If $a$ and $b$ are elements of finite order in the same or in different semigroups, the $\langle a\rangle \simeq \langle b \rangle$ if and only if $a$ and $b$ have the same index and period.
$\Leftarrow]$ we have: $\langle a\rangle=\{a, a^2, \dots, a^m, a^{m+1}, \dots, a^{m+r-1}\}$ and $\langle b\rangle =\{b, b^2, \dots , b^m, b^{m+1}, \dots, b^{m+r-1}\}$ where $m$ is the index and $r$ is the period of $a$ and $b$, which by hypothesis is the same. Let's consider the function $f: \langle a \rangle \to \langle b \rangle$ by $f(a^{i})= b^{i}$ it is easy to verify that $f$ is an isomorphism.
I have trouble showing that if $\langle a \rangle$ and $\langle b \rangle$ are isomorphic then the index and period of $ a$ are equal to the indexes and period of $b$. I think that if we assume that they are not true, it may contradict the minimality of the period and the index, but I do not know if it is true, any suggestions? thanks
Let $a$ have period $r$ and index $m$; let $b$ have period $s$ and index $n$. We want to show that $r=s$ and $m=n$.
Note that if $a^i=a^j$ for some $i\neq j$, then it must be the case that $i\equiv j\pmod{r}$ and $i,j\geq m$; symmetrically, if $b^u=b^w$ with $u\neq w$, then $u\equiv w\pmod {s}$ and $u,w\geq n$.
Let $f\colon \langle a\rangle \to \langle b\rangle$ be an isomorphism, and let $g$ be the inverse of $f$.
Say $f(a)=b^k$ and $g(b)=a^h$. Then $$a=g(f(a)) = g(b^k) = (g(a))^k = a^{hk}.$$ If either $h$ or $k$ are greater than $1$, then $hk\neq 1$. Therefore, $1\geq m$ (so $m=1$), and $hk\equiv 1\pmod{r}$; symmetrically, since $b=f(g(b)) = f(a^h) = f(a)^h = b^{kh}$, then $1\geq n$ (so $n=1$) and $kh\equiv 1\pmod{s}$. Thus we have $m=n=1$. But then $|\langle a\rangle| = r$, $|\langle b\rangle|=s$, and since the two are isomorphic, then $r=s$.
Thus we may assume that $f(a)=b$ and $g(b)=a$. Can you finish it in this case?
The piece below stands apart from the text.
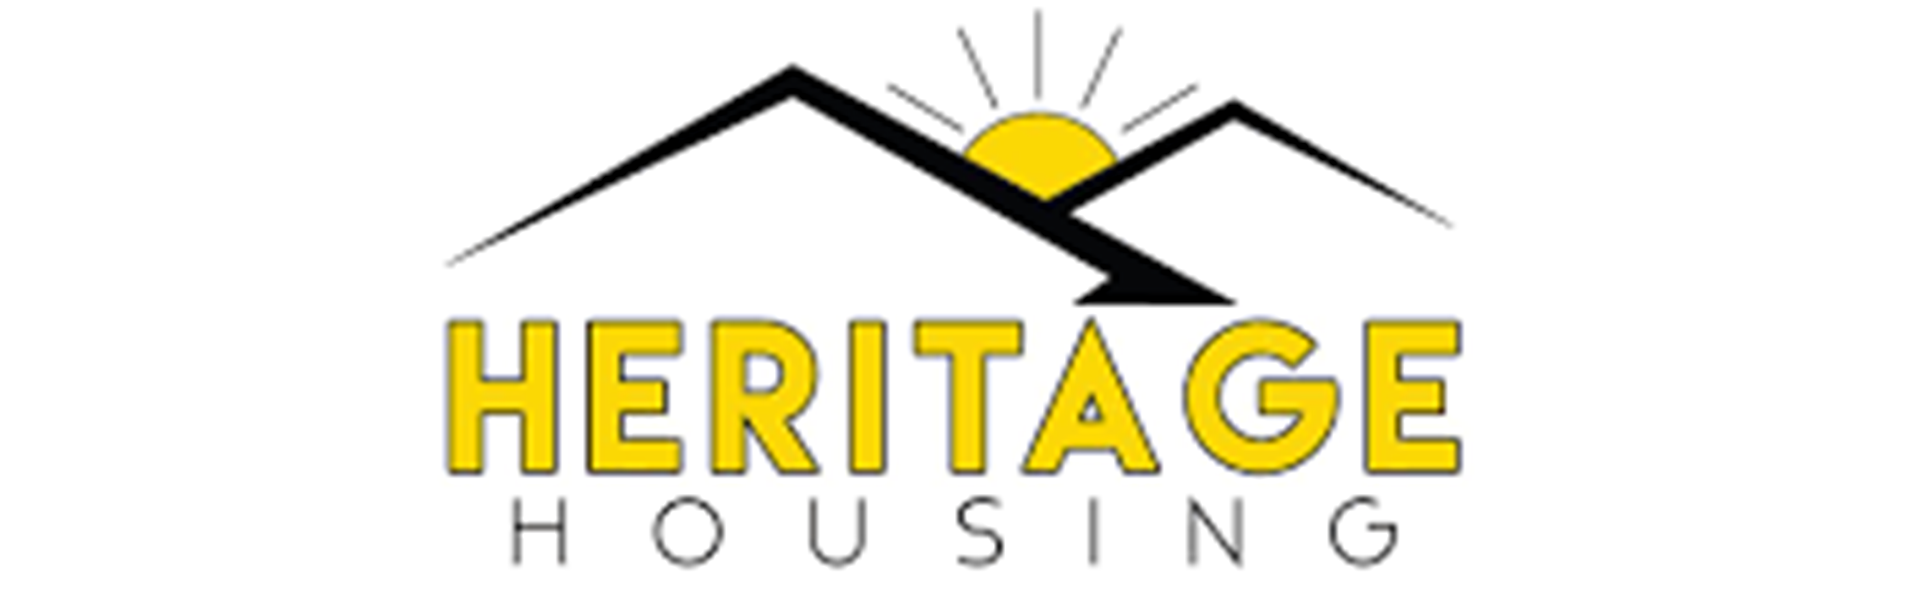 Heritage Housing logo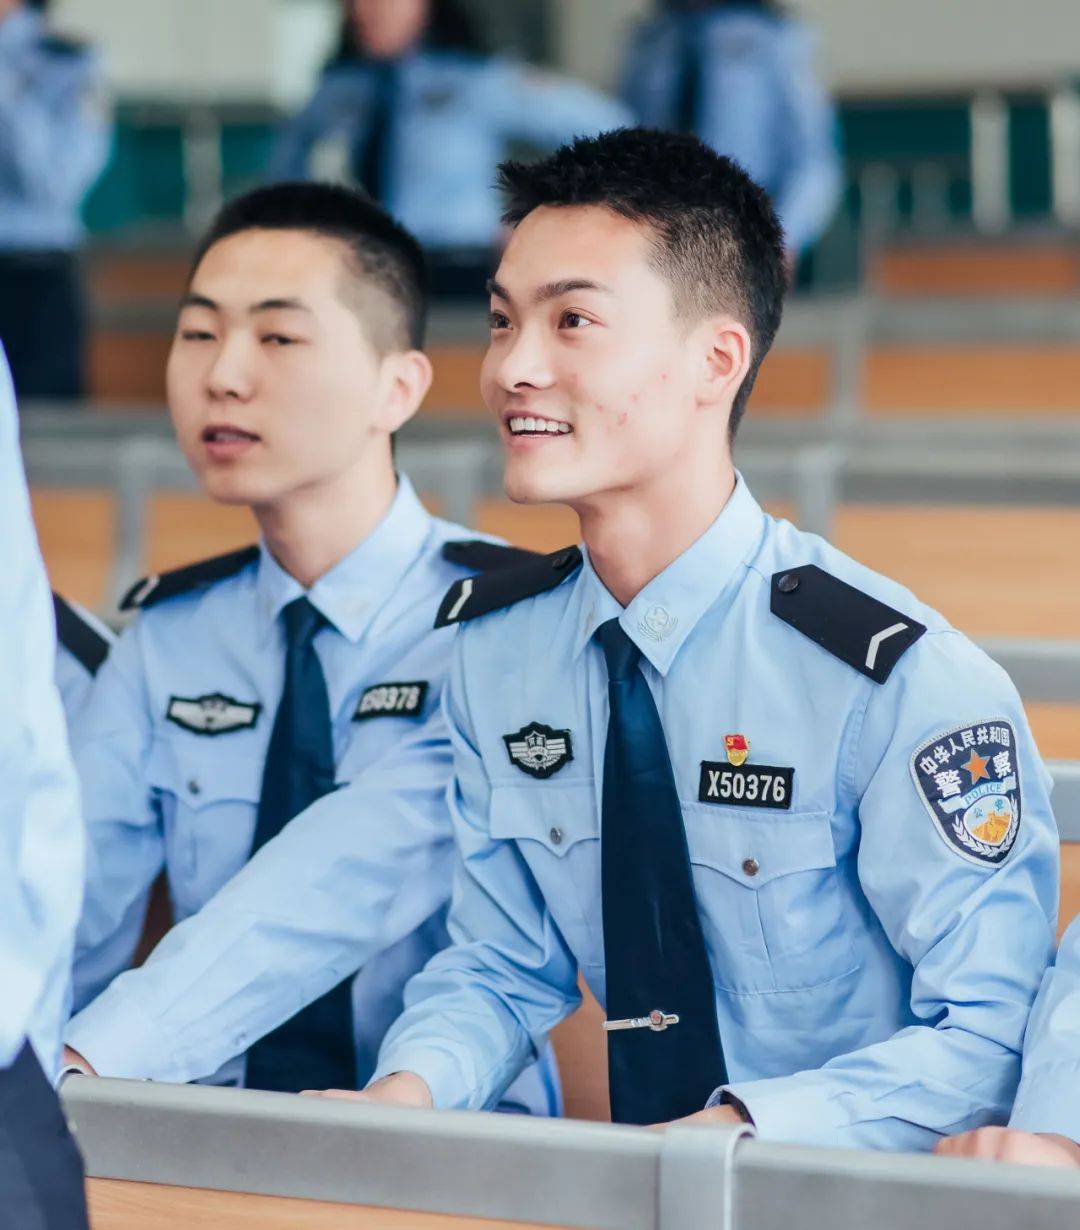 【关注】110警察节丨看看嵩县这些警察帅气的第一张警服照!

(Note: we need to treat the case $m=1$ separately from $m\neq 1$ (symmetrically for $n$), because whenb $m=1$ we have a group, and $\langle a\rangle$ may have more than one generator; it is a cyclic group, after all. But when $m\gt 1$ the automorphisms must send $a$ to itself, as that is the only generator.)